Bu pazarda yer yer mutfaklarda yemekler ve içecekler pişer. İşi nüş edilir. Kahvehanelerde Habeş cariyeleri def ve kudum çalınıp, zevk ve safa edilir. Her taraftan gelenlerin malları baçsız, gümrüksüz alınıp satılır. Her taraf çirağan edilir. Umumiyetle ahali Mekke ve Medine' pazarına gelip sünnet düğünü yaparlar. Saz, söz, hanende ve sazendelerle zevk ve safa edilir. Dinleyen âşıklar da Uşşak makamından başlayıp, hazin seslerle buselik makamı Büzürk ederek rast karar ederler. Buradan:
MİNE MERAM PAZARINDA İSLAM,AKSERİ ŞENLİĞİ: Mine pazarının bir tarafına Şam, bir tarafına Mısır, bir tarafına Acem Irakî hacıları konup birinci bayramda serdârın ferman, ile herkes çadırlarını bayraklarla süsler, bütün develer ziller ve zilbentlerle, bayraklarla süslenir.
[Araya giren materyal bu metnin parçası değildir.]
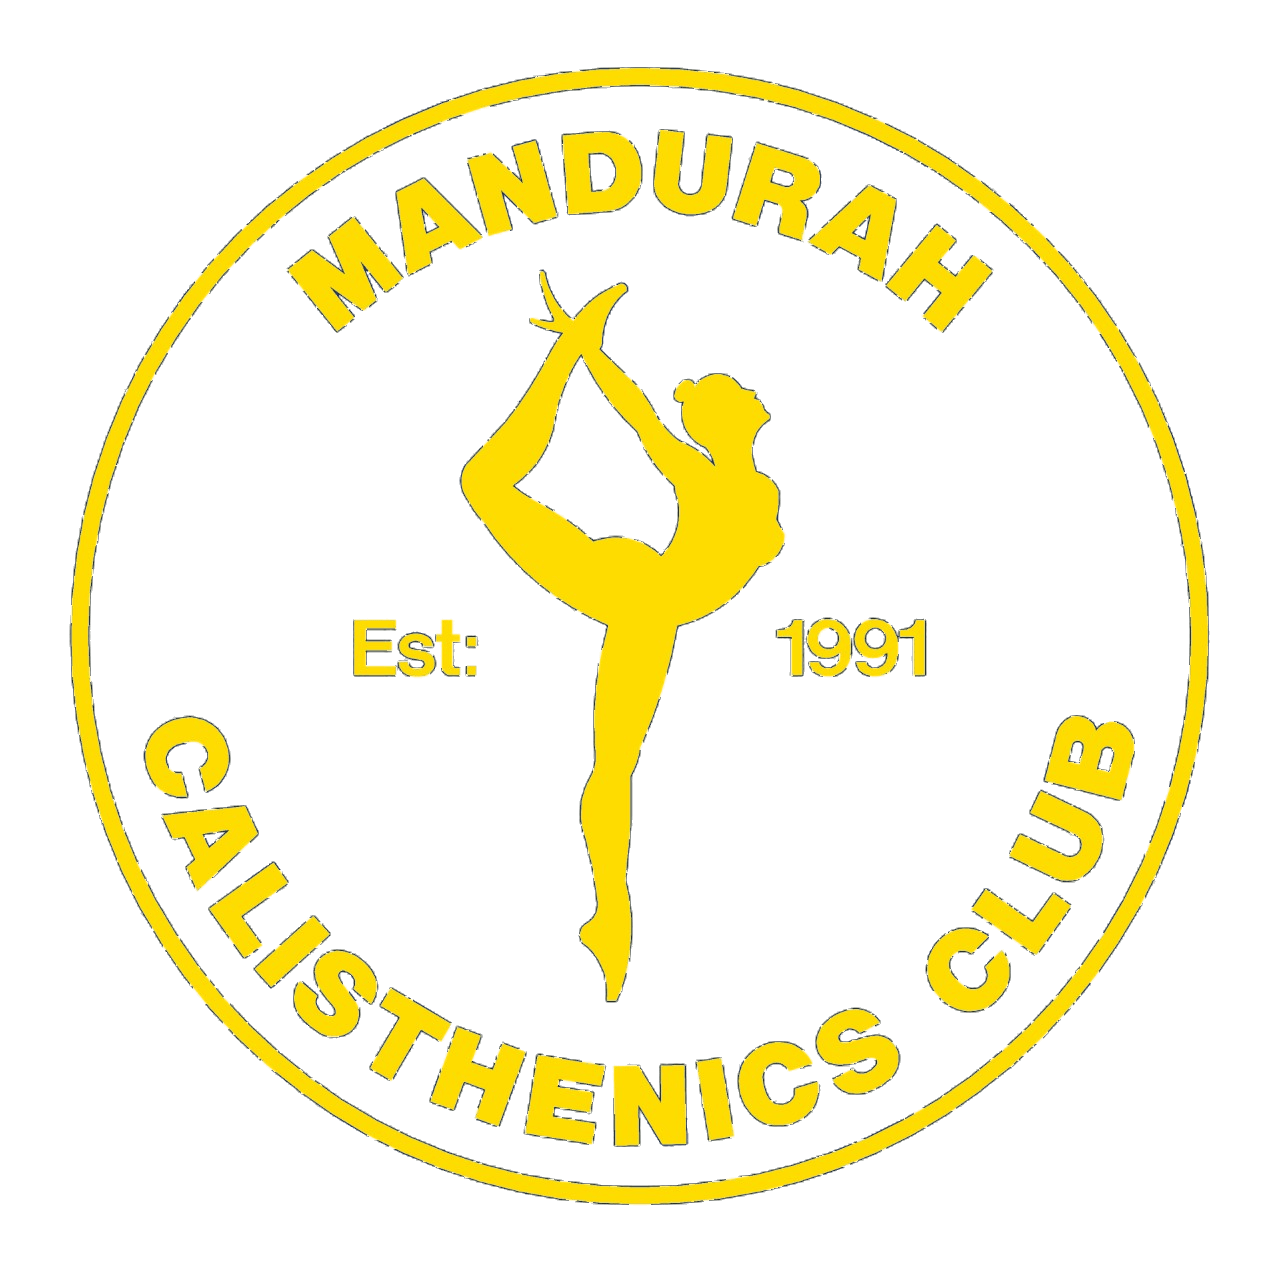 Mandurah Calisthenics Club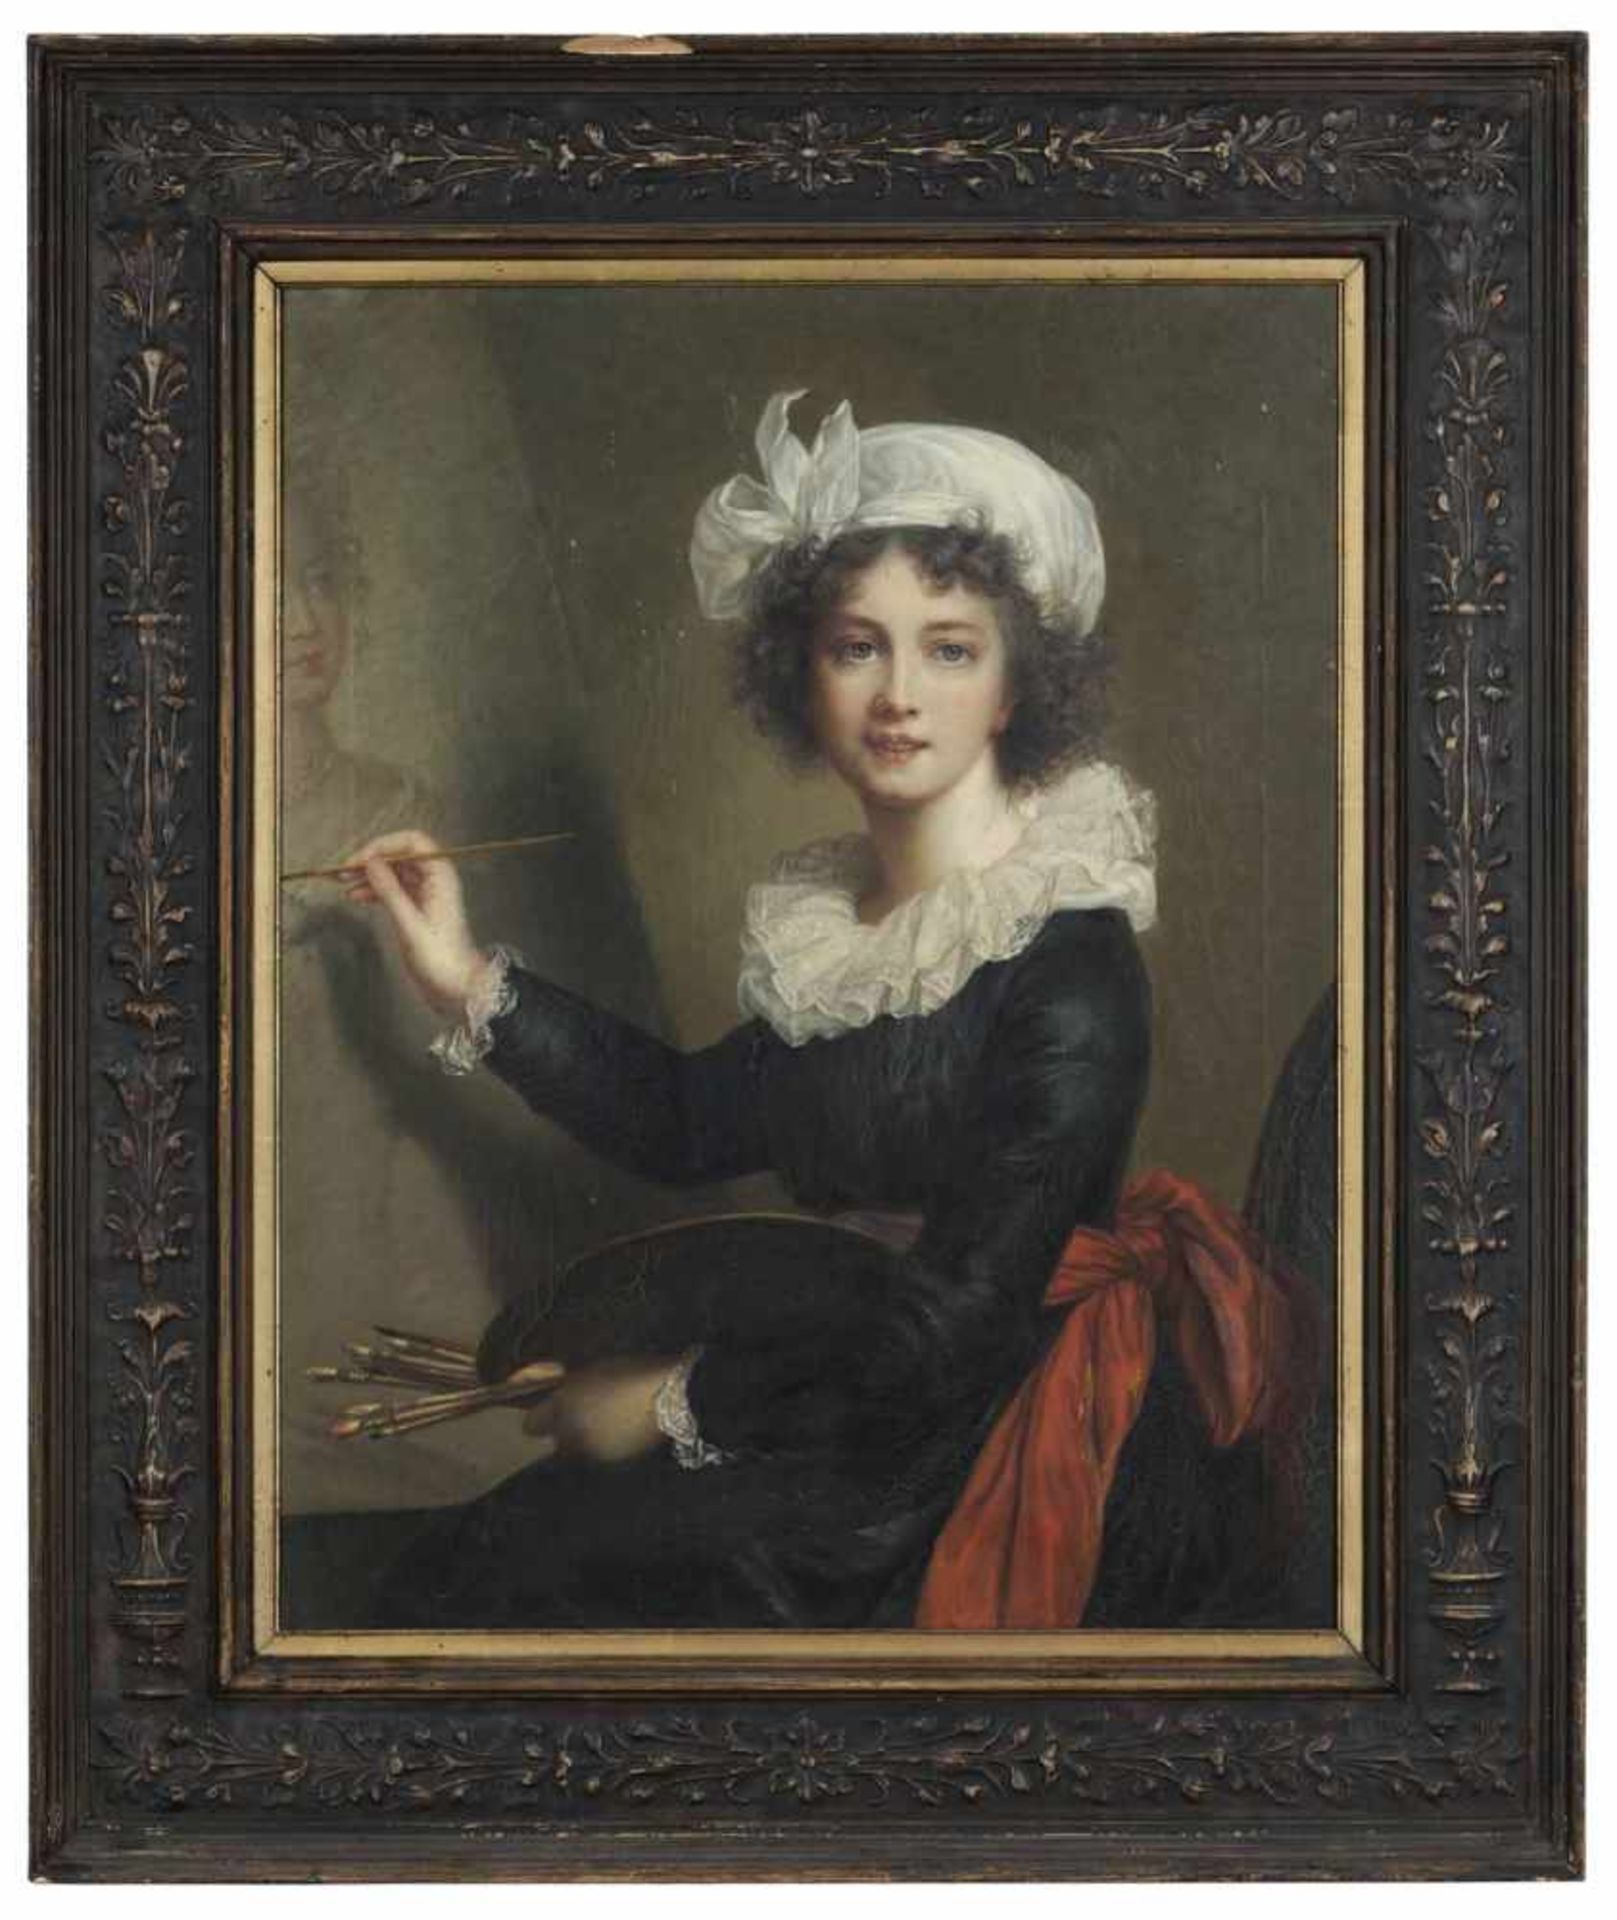 Vigée-Lebrun, Élisabeth (nach)Paris 1755 - 184270 x 57 cmSelbstportrait der Künstlerin an der

Kuşlar, Osmanlı davullarına tokmaklar vurulur, güneşin batışından sonra sofralar serilip yemekler yenilir, sonra iki üç yüz bin tüfenge birden ateş verilir. Sahralar güm güm gümler. Sonra Şanı veziri Hüseyin Paşa kolundan 12, Mısır kolundan 6 parça topa ateş veriliri Böylece sabaha dek tüfenk ve top şenlikleri olur. Sabaha dek mehterhaneler çalınır.Bir taraftan Şam, diğer taraftan Mısır fişenk ustaları birbirleri üzerine öyle sanatkârane yapılmış fişeklikler atarlar ki dil ile tarif edilmez. Fakat doğrusu Mısır ateşbazları çok usta kimselerdi. Şam ateşbazlarının yaptığı bir fişenk yere bir adam boyu kalınca tekrar göklere çıktı, sonra tekrar inerek iki tarafa ok gibi kandiller sıçradı. Her kandil servi, hurma ağacı, sürahi kapağı, Süleyman mühürü gibi şekiller alırdı.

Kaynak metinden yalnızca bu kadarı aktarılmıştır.